In those days many of us, including me, did (and still do) refer to the
asterisk as "splat" and the exclamation point as "bang" from the
sound
made by them when they printed yellow oiled paper @ 10 cps from the console
TTY. But slash was what we called the character that is now next to the
shift key on modern keyboards. I do not remember ever using, much less
needed to refer to, the character "back slash" until the unfortunate crap
that the folks in Redmond forced on the industry. Although interestingly
enough, the vertical bar or UNIX "pipe" symbol was used and discussed
freely in those days. I find it interesting that Redmond-ism became the
unshifted character, not the vertical bar by the shear force of economics
of the PC.
Clem
** For those that do not know (my apologies to those that do) the 1985
/usr/group standards committee was the forerunner to IEEE P1003. Which we
published as the first "official UNIX API standard agreed by the community"

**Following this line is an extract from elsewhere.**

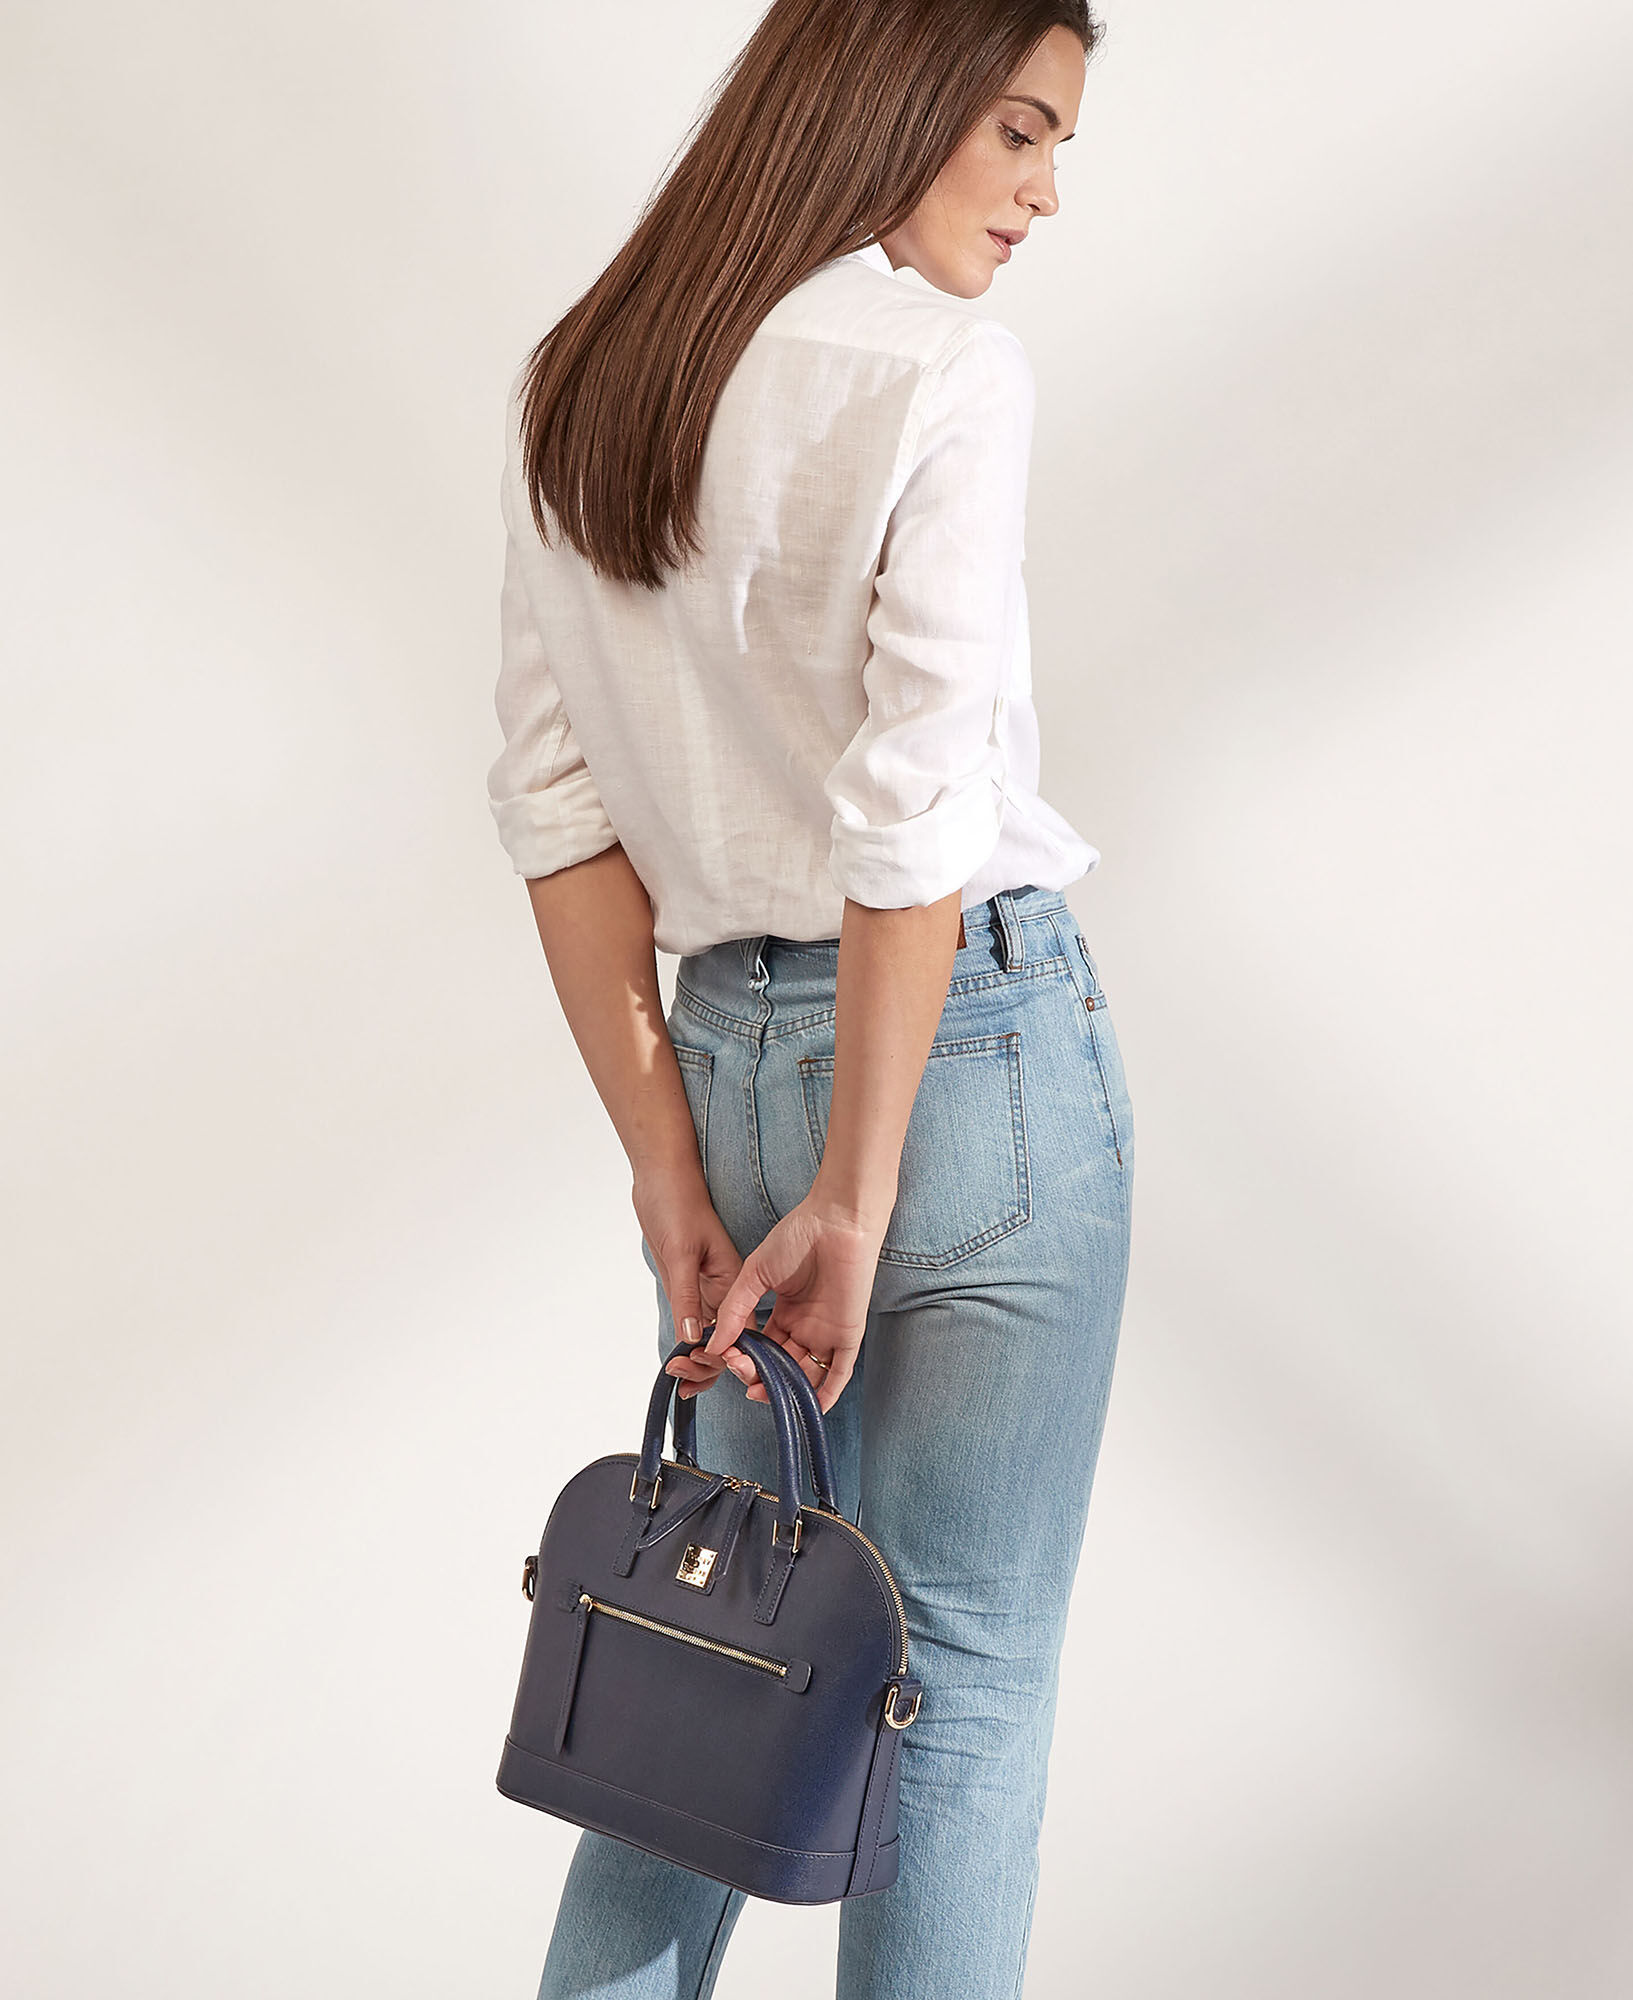 Dooney & Bourke Handbag, Saffiano Domed Zip Satchel - Amber : Clothing,  Shoes & Jewelry

(I still have a hardcopy). But neither /usr/group nor USENIX had the
political authority to bring an official standard to FIPS, ANSI, ECMA, ISO
or like, while IEEE did. So a few months before the last meeting, Jim
Issak petitioned IEEE for standards status, and the last meeting of the
/usr/group UNIX standards meeting was very short -- about 10 minutes. We
voted to disband and then everyone in the room officially reformed a few
minutes later all signing in as IEEE P1003, later to be called POSIX. For
further historical note, I was a "founding member" of both groups and the
editor of a number of early drafts (numbers 5-11 IIRC), as well as the
primary author of the Tape Format and Terminal I/O sections of P1003.1.

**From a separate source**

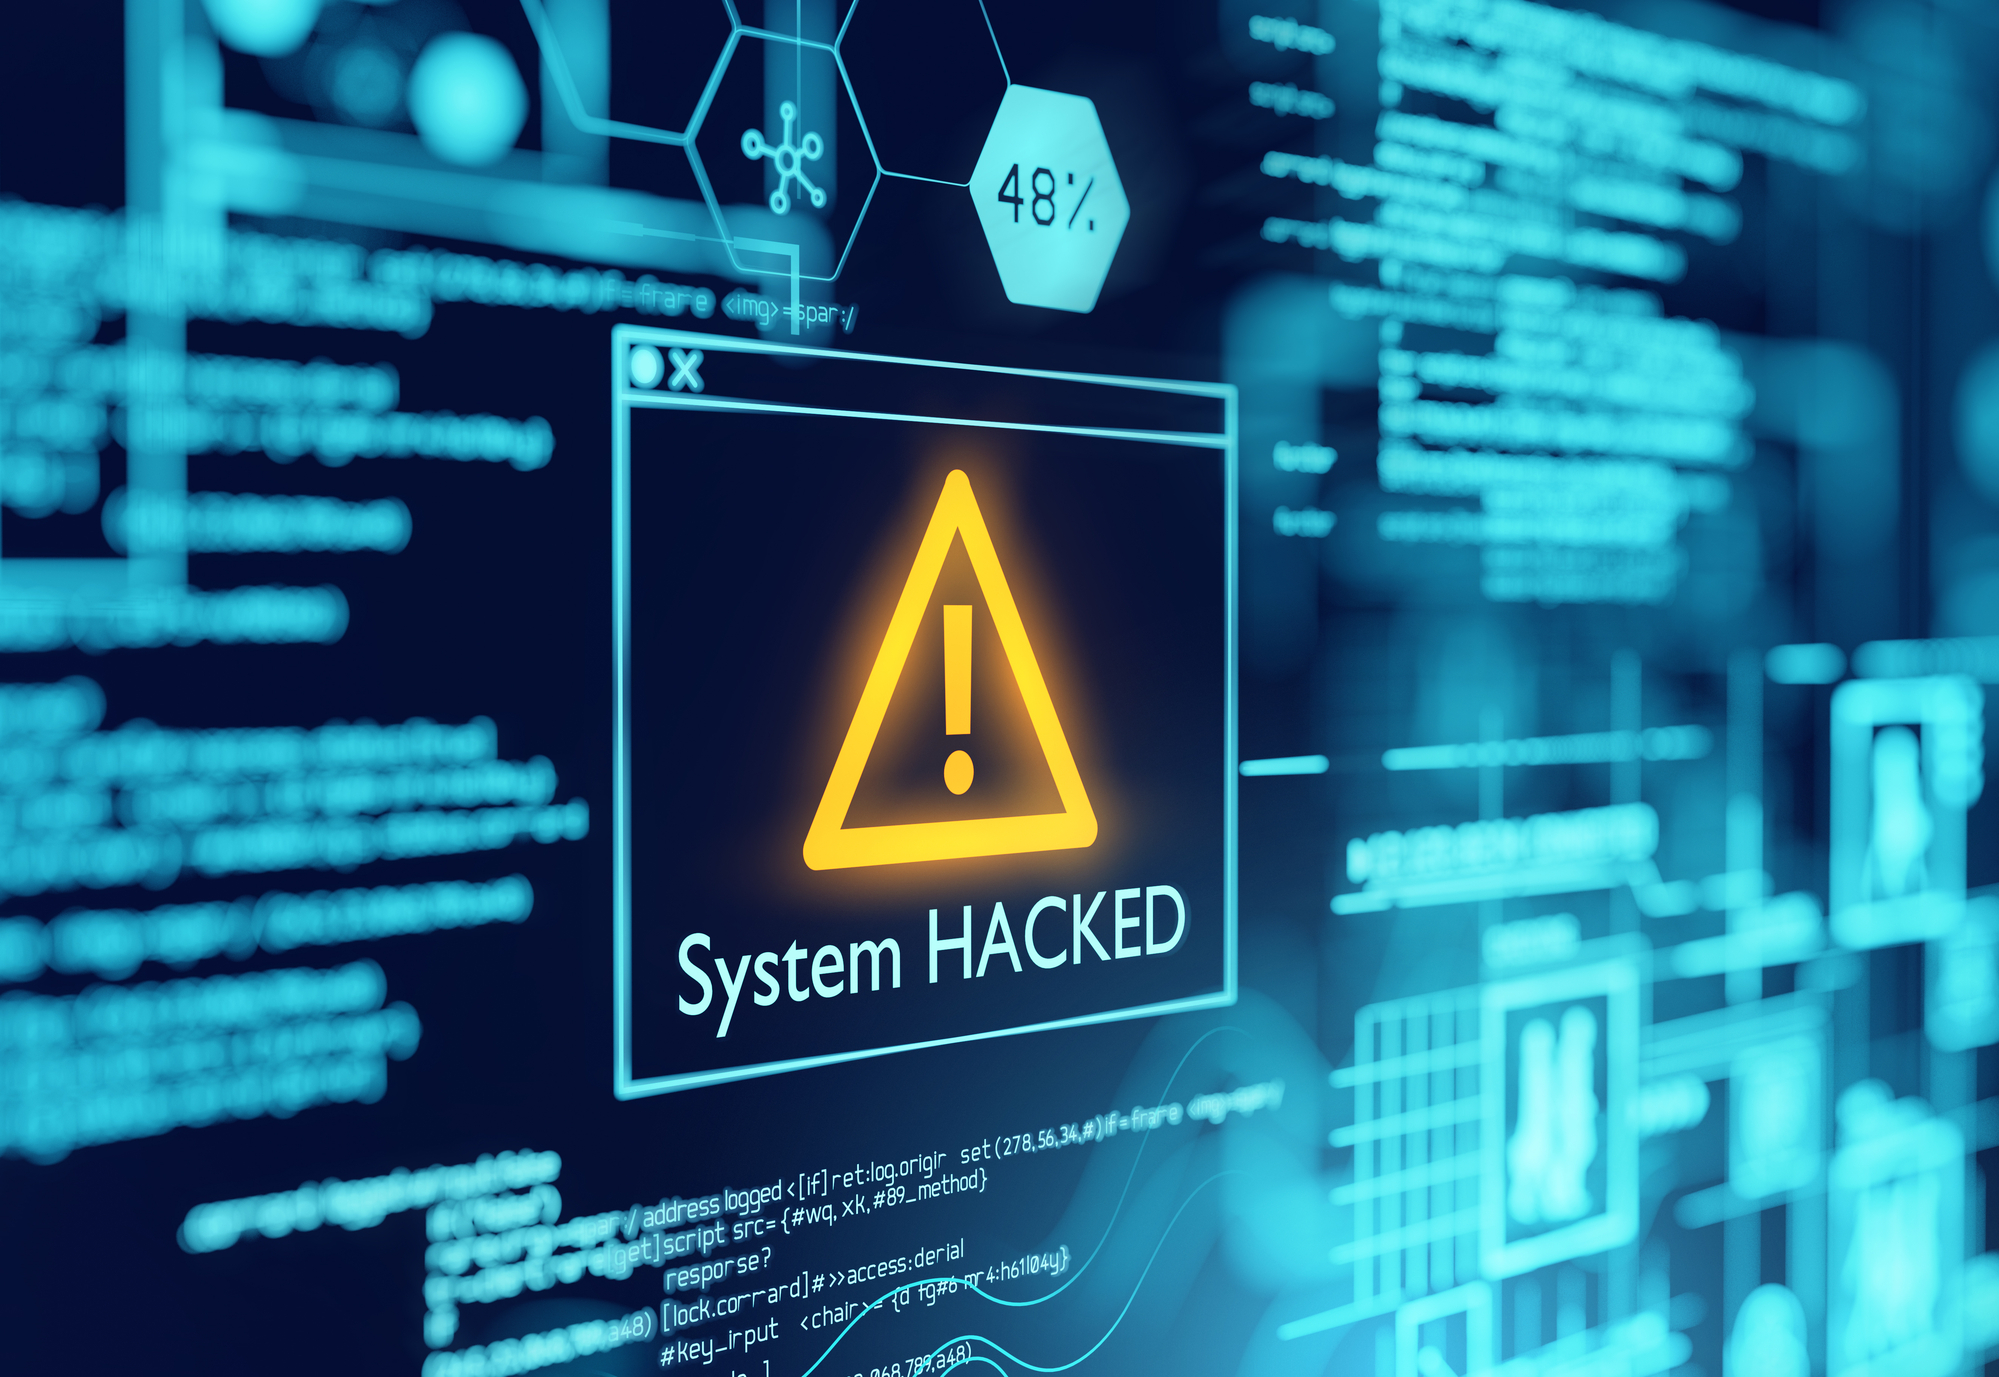 Sicurezza cyber settore energetico: attacchi raddoppiati in 4 anni

With Keith Bostic, I would later be part of the P1003.2 and pen the
original PAX compromise. After that whole mess I was so disgusted with the
politics of the effort, I stopping going to the POSIX mtgs.

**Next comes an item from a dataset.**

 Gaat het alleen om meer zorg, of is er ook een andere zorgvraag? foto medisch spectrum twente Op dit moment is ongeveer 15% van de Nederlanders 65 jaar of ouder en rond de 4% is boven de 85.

PPS While I did not work for them at the time, you can blame DEC for the
mess with the case/character sets in the POSIX & FIPS standards. A number
of the compromises in the standard documents were forced by VMS, 7-bit
(case insensitivity) being the prime one. While we did get in the
rational section of document that it was suggested/advised that systems
implementations and applications code be case insensitive and 8 bit clean
so that other character sets could be supported. However the DEC folks
were firmly against anything more than 7-bit ASCII and supporting anything
in that character set. My memory is that the IBM folks were silent at the
time and just let the DEC guys carry the torch for 1960's 7-bit US English.